Books like this are changing my life. Love it! I've been trying to meditate daily since March and I believe it is making a difference in how I handle the back to school stress of school during a pandemic.
Quotes and notes:
Page xiv
To Seneca and his fellow adherents of stoic philosophy, if a person could develop peace within themselves - if they could achieve apatheia, as they called it-then the whole world could be at war, and they could still think well, work well, and be well. "You may be sure that you are at peace with yourself, "Seneca wrote, "when no noise reaches you, when no word shakes you out of yourself, whether it be flattery or a threat, or merely an empty sound buzzing about you with unmeaning sin." In this state, nothing could touch them (not even a deranged emperor), no emotion could disturb them, no threat could interrupt them, and every beat of the present moment would be theirs for living.
A wealth of information creates a poverty of attention - Herbert Simon
p. 31 Napolean was content with being behind on his mail, even if it upset some people or if he missed out on some gossip, because it meant that trivial problems had to resolve themselves without him. We need to cultivate a similar attitude - give things a little space, don't consume news in real time, be a season or two behind on the latest trend or cultural phenomenon, don't let your inbox lord over your life.
All great leaders, thinkers, artists, athletes, and visionaries share one indelible quality. It enables them to conquer their tempers. To avoid distraction and discover great insights. To achieve happiness and do the right thing. Ryan Holiday calls it stillness--to be steady while the world spins around you.
In this book, he outlines a path for achieving this ancient, but urgently necessary way of living.

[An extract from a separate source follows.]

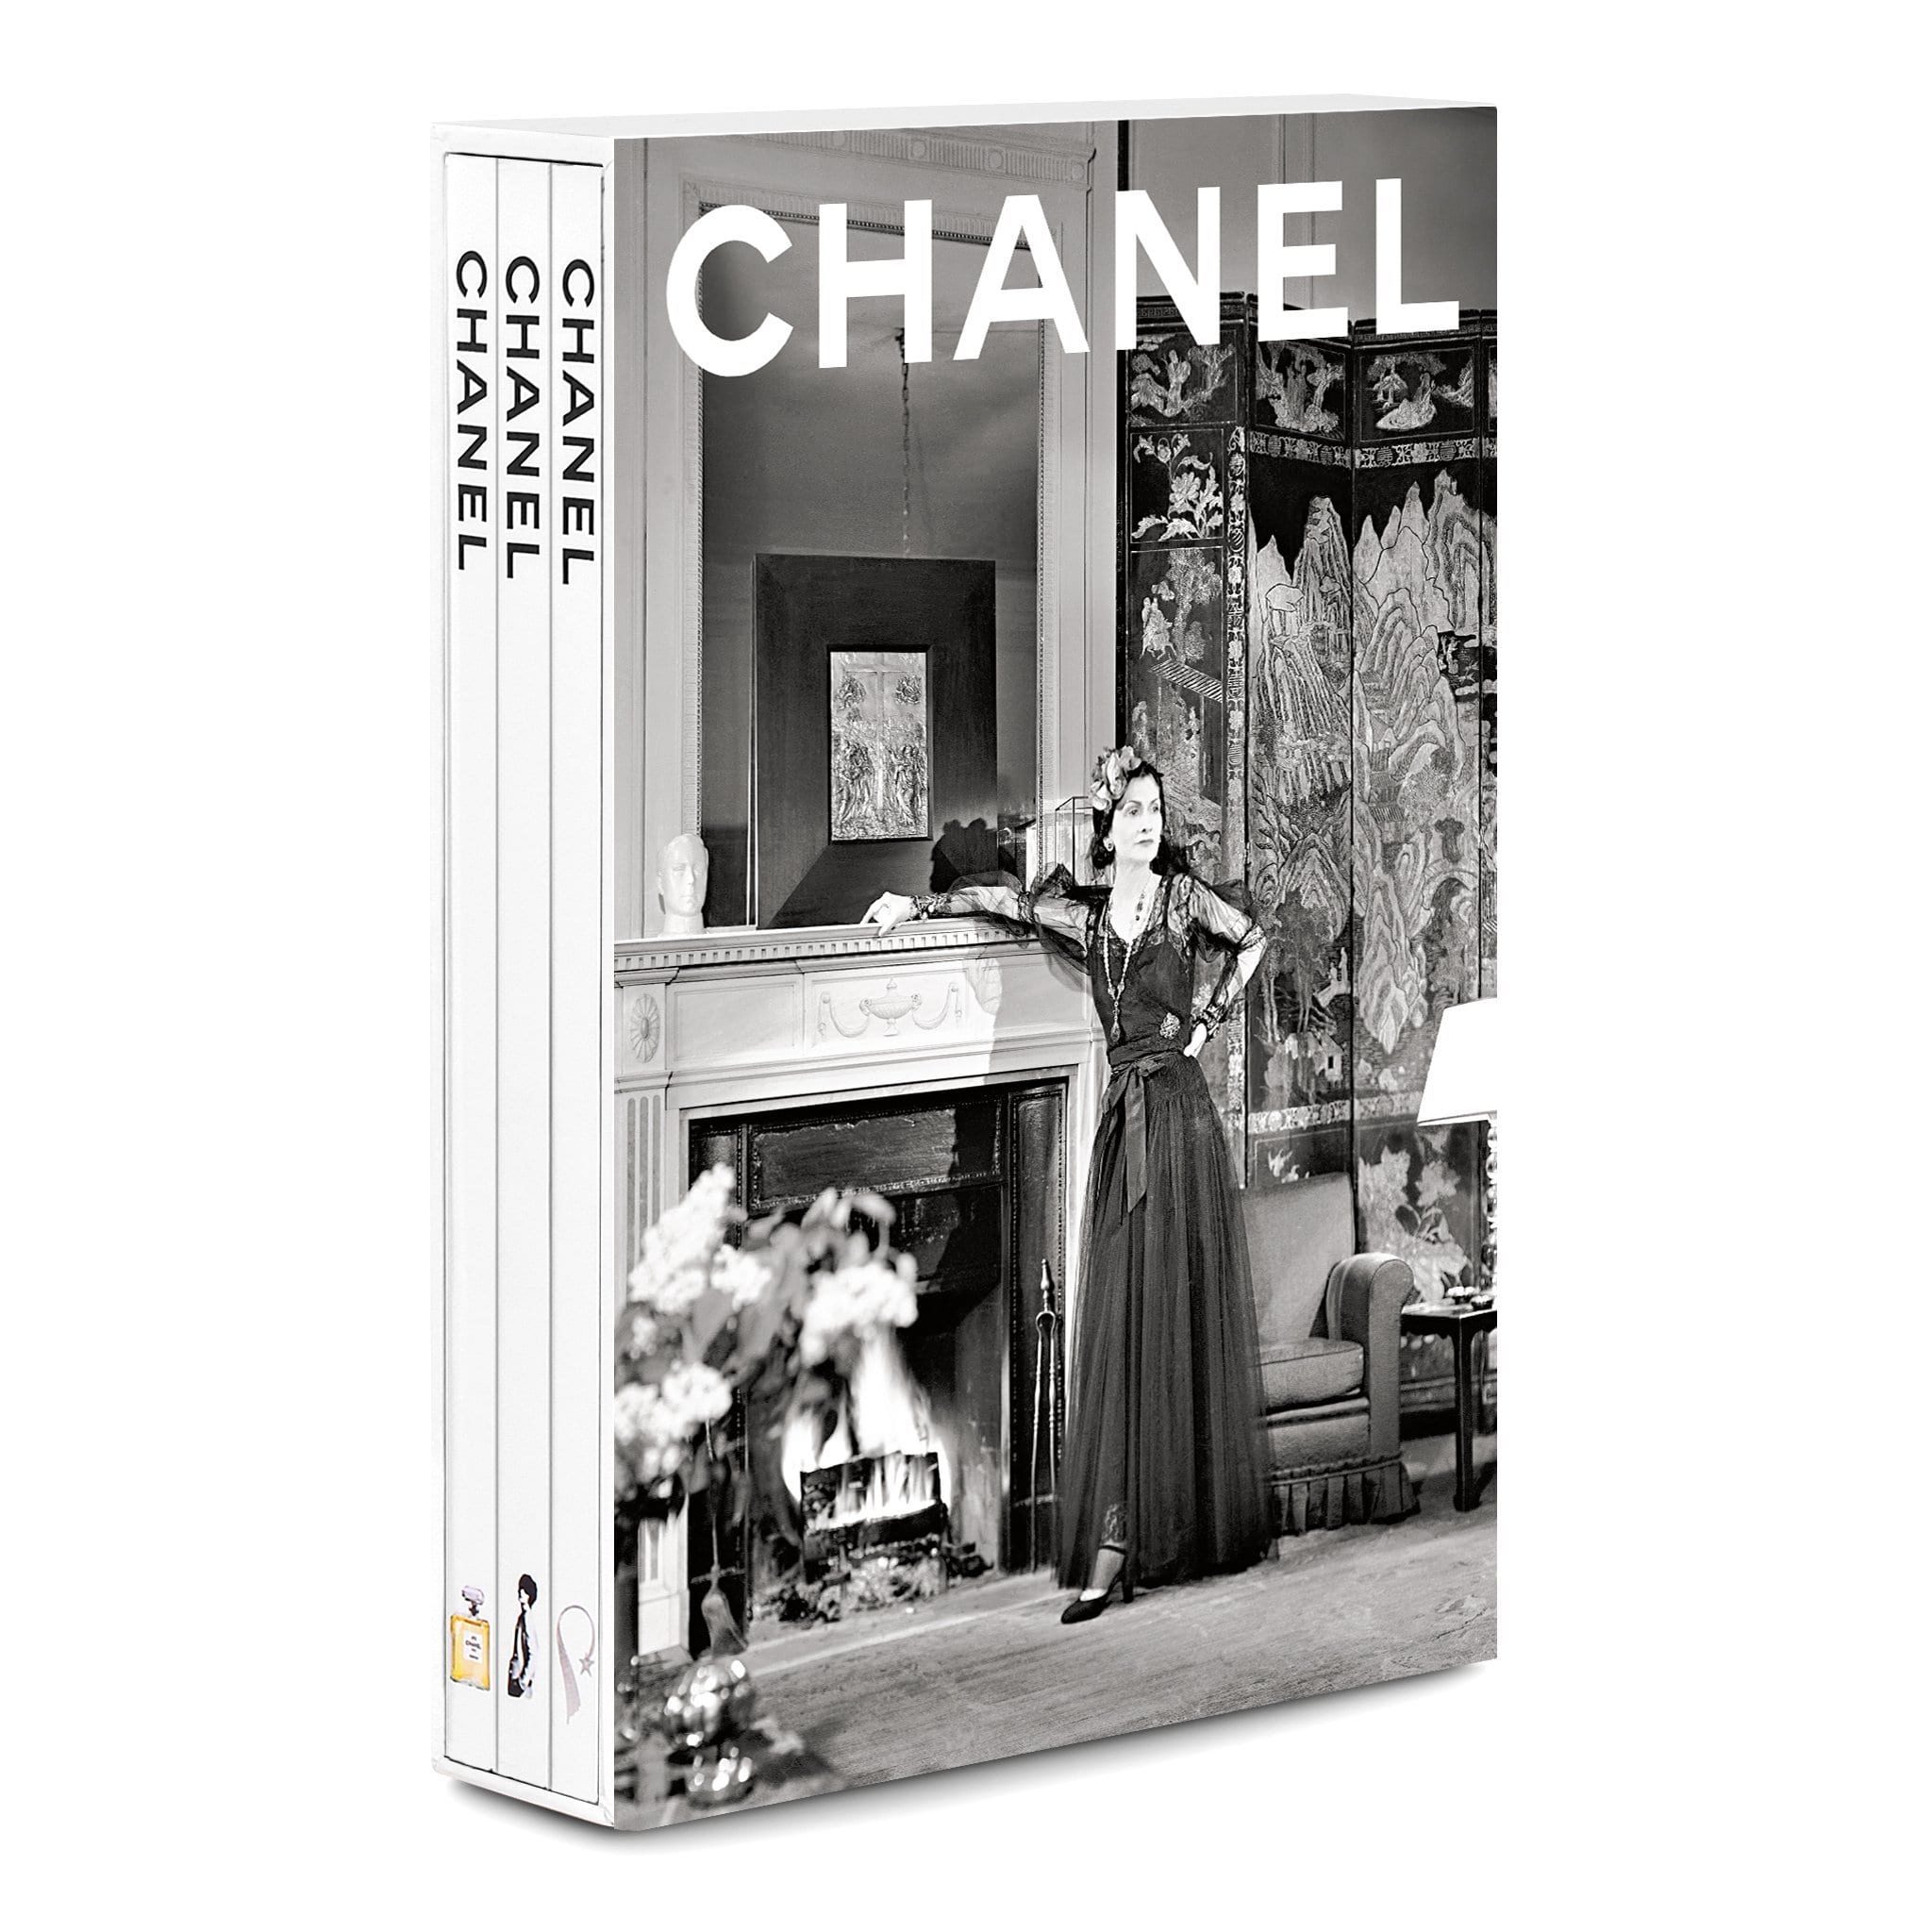 Assouline Chanel 3 Étui à Livres

Drawing on a wide range of history's greatest thinkers, from Confucius to Seneca, Marcus Aurelius to Thich Nhat Hanh, John Stuart Mill to Nietzsche, he argues that stillness is not mere inactivity, but the doorway to self-mastery, discipline, and focus.
Holiday also examines figures who exemplified the power of stillness: baseball player Sadaharu Oh, whose study of Zen made him the greatest home run hitter of all time; Winston Churchill, who in balancing his busy public life with time spent laying bricks and painting at his Chartwell estate managed to save the world from annihilation in the process; Fred Rogers, who taught generations of children to see what was invisible to the eye; Anne Frank, whose journaling and love of nature guided her through unimaginable adversity.
More than ever, people are overwhelmed. They face obstacles and egos and competition. Stillness Is the Key offers a simple but inspiring antidote to the stress of 24/7 news and social media. The stillness that we all seek is the path to meaning, contentment, and excellence in a world that needs more of it than ever.